Кузьминский был настоящим бурлящим и кипящим деятелем культуры, как Сумароков или Тредиаковский, но он чувствовал себя в опале, в изгнании — и страдал, хирел из-за этого. Ему запрещено было пить, и это его тоже угнетало. А я сидел рядом с ним на низенькой табуретке, как Витя Малеев — без школы, без дома…

8.

Однажды я встретился на Бродвее с художником Андреем Ройтером, и он пригласил меня на стриптиз.

Мы оказались в маленьком и тёмном, обитом бархатом местечке, где на сцене одна за другой раздевались невероятно красивые девушки. Их жесты напоминали движения зверей в зоопарке — если бы звери могли танцевать под музыку. Хлебников, глядя на этих танцовщиц, написал бы ещё один шедевр — под стать своему «Зверинцу». А я просто обалдевал, дышал и каменел.

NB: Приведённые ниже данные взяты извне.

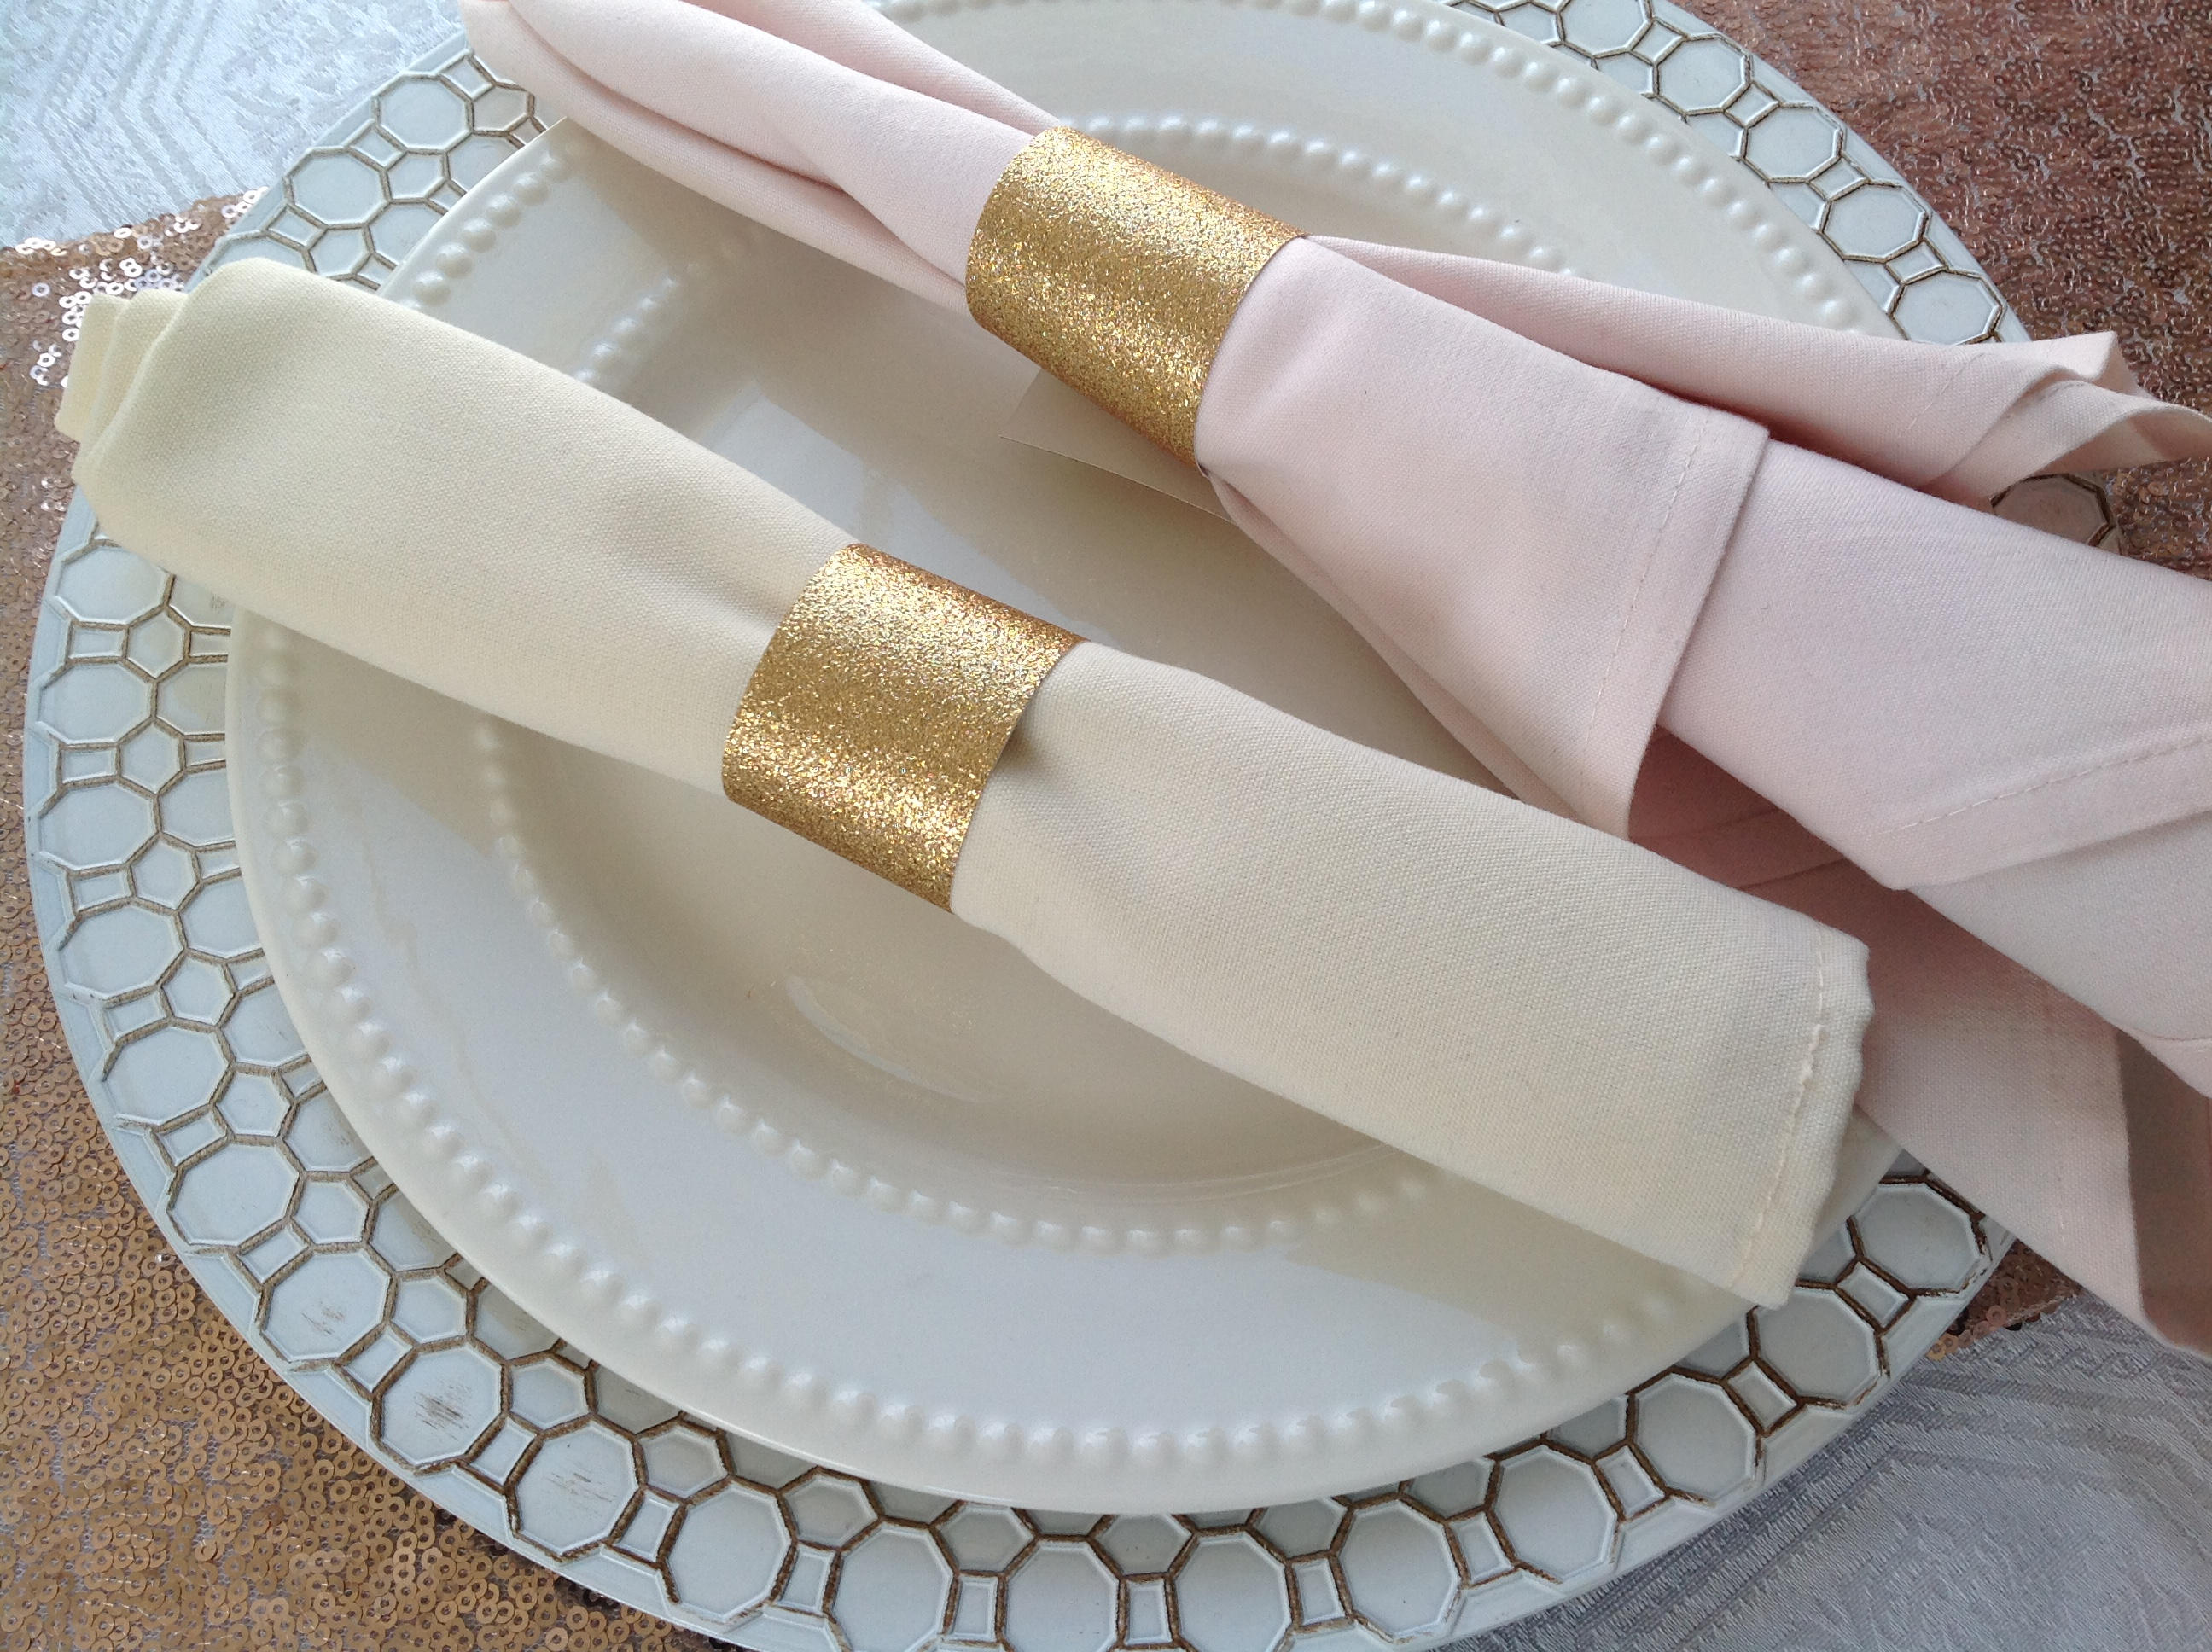 Chair Sash Sparkling Bows for Napkins Tablecloth Hangnuo 120 PCS Rhinestone Gold Napkin Rings for Wedding Reception Baby Shower Party Decoration Curtain

Они появлялись и исчезали, как видения По.

Самая красивая, самая мускулистая, самая худая, самая невинная после шоу подошла к нам.

— Пойдём куда-нибудь выпьем, парни?

Но Андрей вежливо отказался.

А я мог и хотел!

Мы вышли в душную ночь, и она повела меня от одного угла к другому, и здания расступались, и она прикасалась ко мне своим голым плечом, и что-то говорила, смеялась…

В результате мы очутились в длинном вишнёво-мерцающем баре, где не было ни души, кроме бармена и какого-то старика в белом костюме.

Мы пили коктейли. Затем моя спутница — я не запомнил её имя — плясала перед нами на стойке. Её танец соответствовал высказыванию Малларме: «Орфическое истолкование Земли — в нём состоит единственный долг поэта, и ради этого ведёт всю свою игру искусство».

Этот медленный, атавистический танец посрамлял ничтожный лепет нью-йоркских художников, их самовлюблённую возню, а заодно и всю неоновую трескотню Манхэттена. Эта акробатка была единственным подлинным гением среди местных фальшивых талантов, дарований и бездарностей.

Она плясала, прыгала, скакала, а потом наступил рассвет.

9.

Все эти дни в Нью-Йорке я думал о Казимире Малевиче (в самом деле, не о Комаре же, не о Меламиде мне было думать!).

Малевич пришёл ко мне во сне и сказал: «Чепуха. Просто стой на горизонте, как безликая фигура. Внизу — земля, наверху — небо. Возьми шпагу и проведи в воздухе знак. А воздух — это я».

Потом Малевич отвернулся и ушёл. На нём был плохой, ветхий костюм. И я помню его лицо: фактурное, дырчатое, как изношенный мешок или кусок драной кожи.

Целыми днями я размышлял, что этот сон значит. И понял, что должен нарисовать знак доллара на картине Малевича в музее МоМА.

Почему знак доллара?

Потому что мне нравилось рисовать его с детства!

Я никому не сказал об этой идее — за исключением Горана Джорджевича. Горану мой план понравился. Он заверил меня, что это классно, что это встряхнёт Нью-Йорк.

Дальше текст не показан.